In June 2002, the Legislative Assembly of the Northwest Territories amended territorial law to allow same-sex couples to adopt children jointly. It also modified the definition of "spouse" to grant same-sex couples some legal rights and benefits. Further legislation was passed in March 2005. On March 7, 2017, the Legislative Assembly approved a new Marriage Act, (Note: In some of the Northwest Territories' official languages:

- ᐑᑭᐦᑐᐏᐣ ᐏᔭᓯᐍᐏᐣ, Wîkihtowin Wiyasiwêwin
- Ełetsʼìhchìı Nàowo
- Loi sur le mariage
- Nihkhàgadhidii geenjit dàgwìdįįʼee
- Katitiviliqinikkut Maligaq
- ᑲᑎᑎᓯᒪᔪᓕᕆᓂᕐᒧᑦ ᐱᖁᔭᖅ, Katitisimajulirinirmut Piqujaq
- Ełetsʼíchu Ɂeɂá) intended to harmonize various territorial family laws and modernize legal requirements for marriage.
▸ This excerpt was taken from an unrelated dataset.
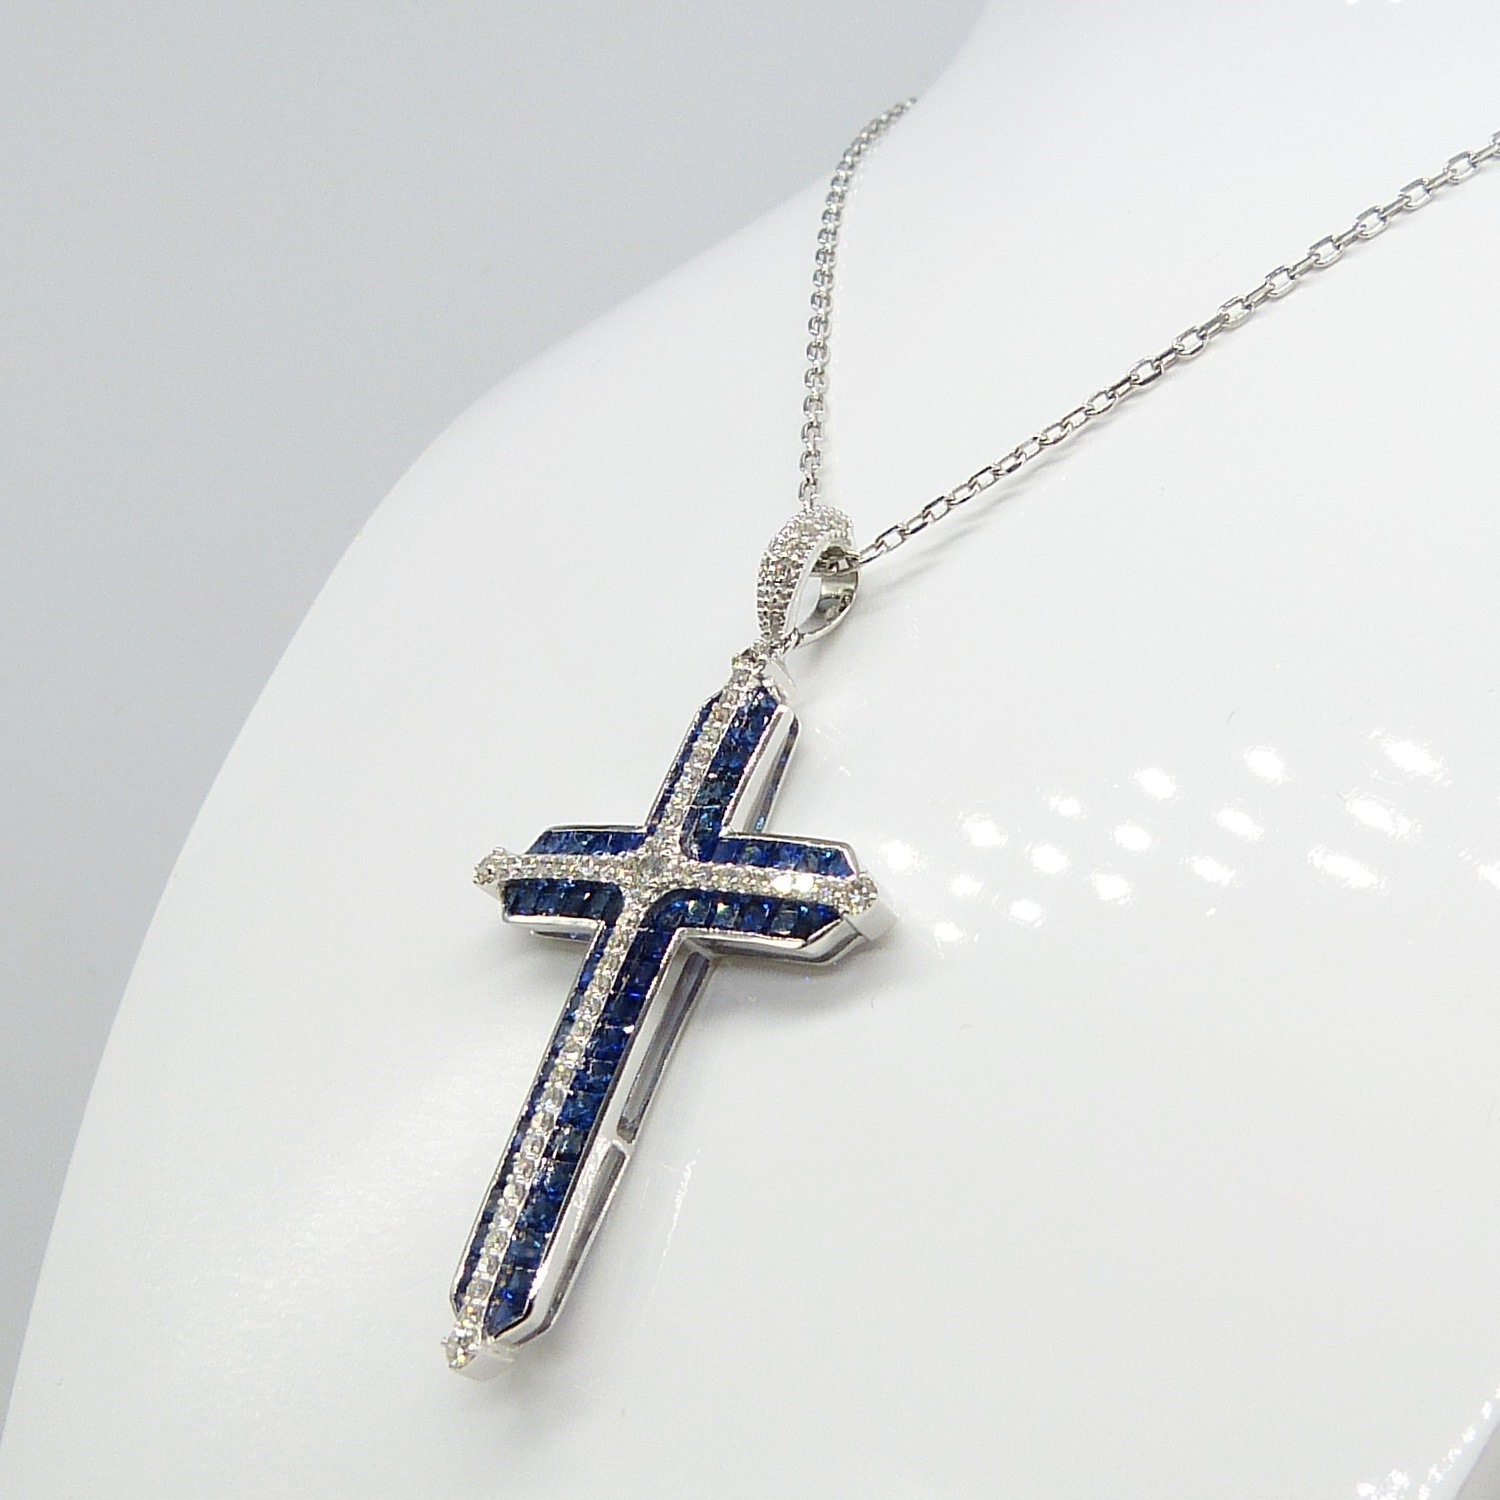 Impressive cross necklace set with natural sapphires and diamonds in 18ct white gold, boxed - Image 6 of 8
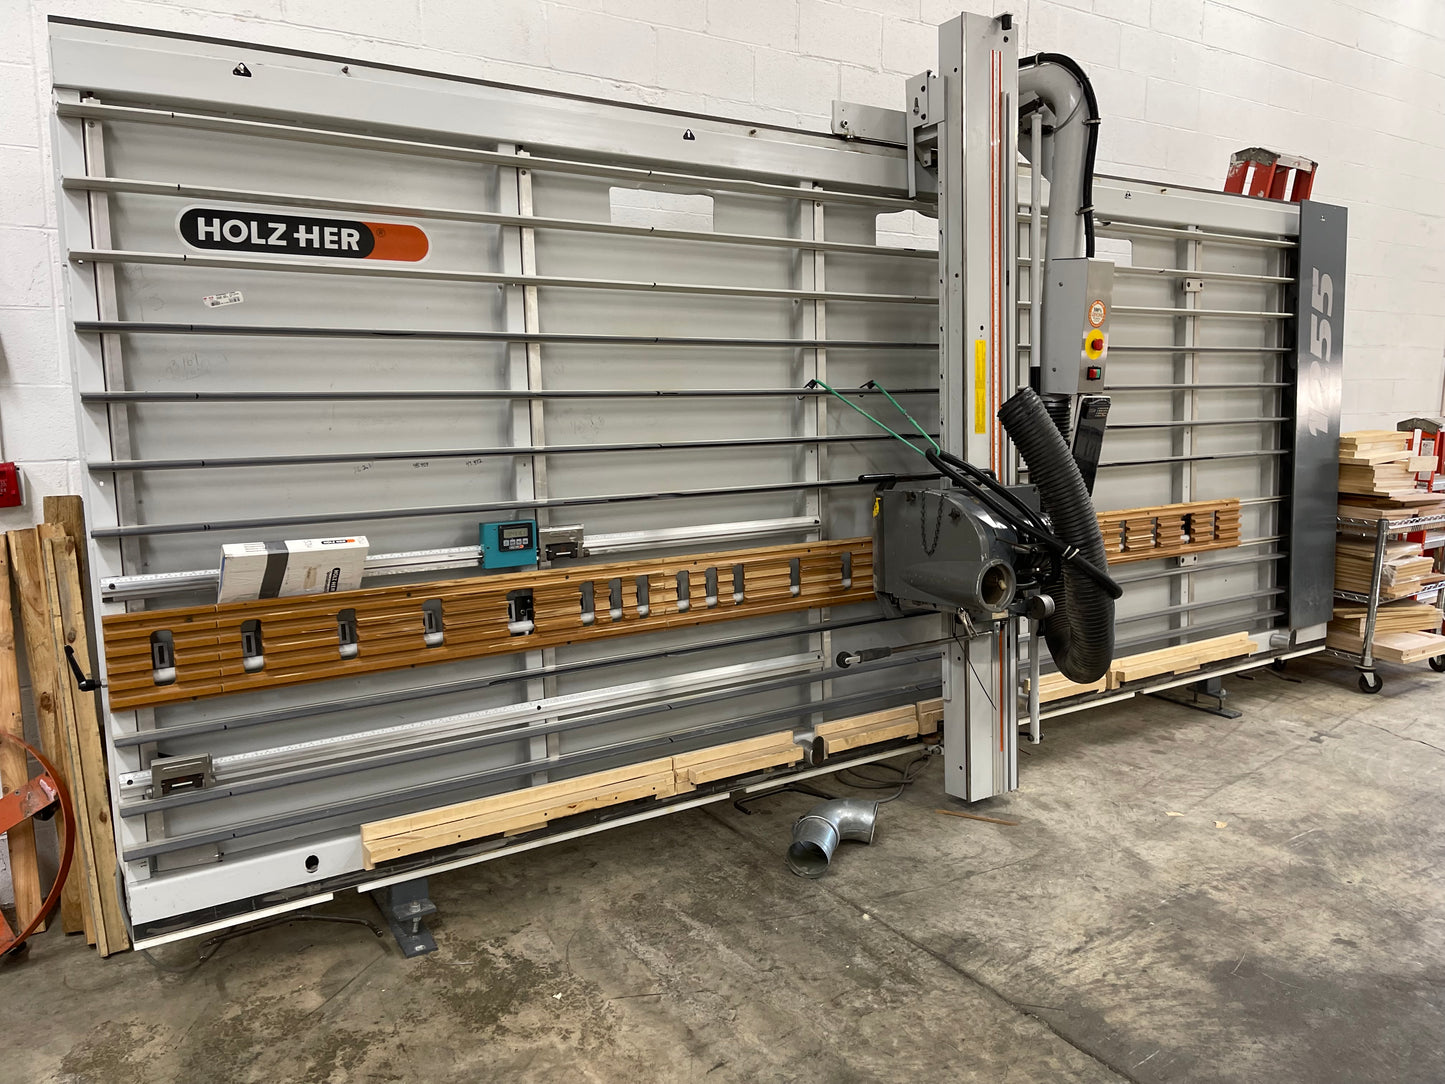 Holzher Vertical Saw 1255- Reconditioned - Illinois

The new law, which uses gender-neutral language when referring to married spouses, passed by a unanimous 16–0 vote, with all seven members of the Executive Council voting in favour. It received royal assent by acting Commissioner Gerald Kisoun on March 10, and went into effect on June 1, 2017. The Marriage Act states that:

"marriage" means the voluntary union of two persons to the exclusion of all others

==Marriage statistics==
The 2016 Canadian census showed that there were 75 same-sex couples living in the Northwest Territories.

==Religious performance==
In July 2019, the synod of the Anglican Church of Canada narrowly rejected a motion to authorise same-sex marriage and allow clergy in the Church to officiate at such marriages. Instead, the church synod passed a resolution known as "A Word to the Church", allowing its dioceses to choose whether to bless and perform same-sex marriages. Clergy of the Diocese of The Arctic, including Bishop David Parsons, have been vocally opposed to the solemnisation of same-sex marriages within the church. Following the passage of the resolution, several dioceses, including those of Ottawa and Rupert's Land, announced they would permit their clergy to solemnise same-sex marriages in accordance with the new resolution passed by the church synod. The Diocese of The Arctic chose to distance itself from these dioceses, but, responding to concerns that it might be leaving the Anglican Church of Canada, it released a statement, "The Diocese of the Arctic remains a diocese within the Anglican Church of Canada, but must distance itself from those who violate the marriage canon. The implication of this is a state of 'impaired communion'."

Some other religious organisations perform same-sex marriages in their places of worship, including the United Church of Canada, Quakers, the Evangelical Lutheran Church in Canada, and the Canadian Unitarian Council.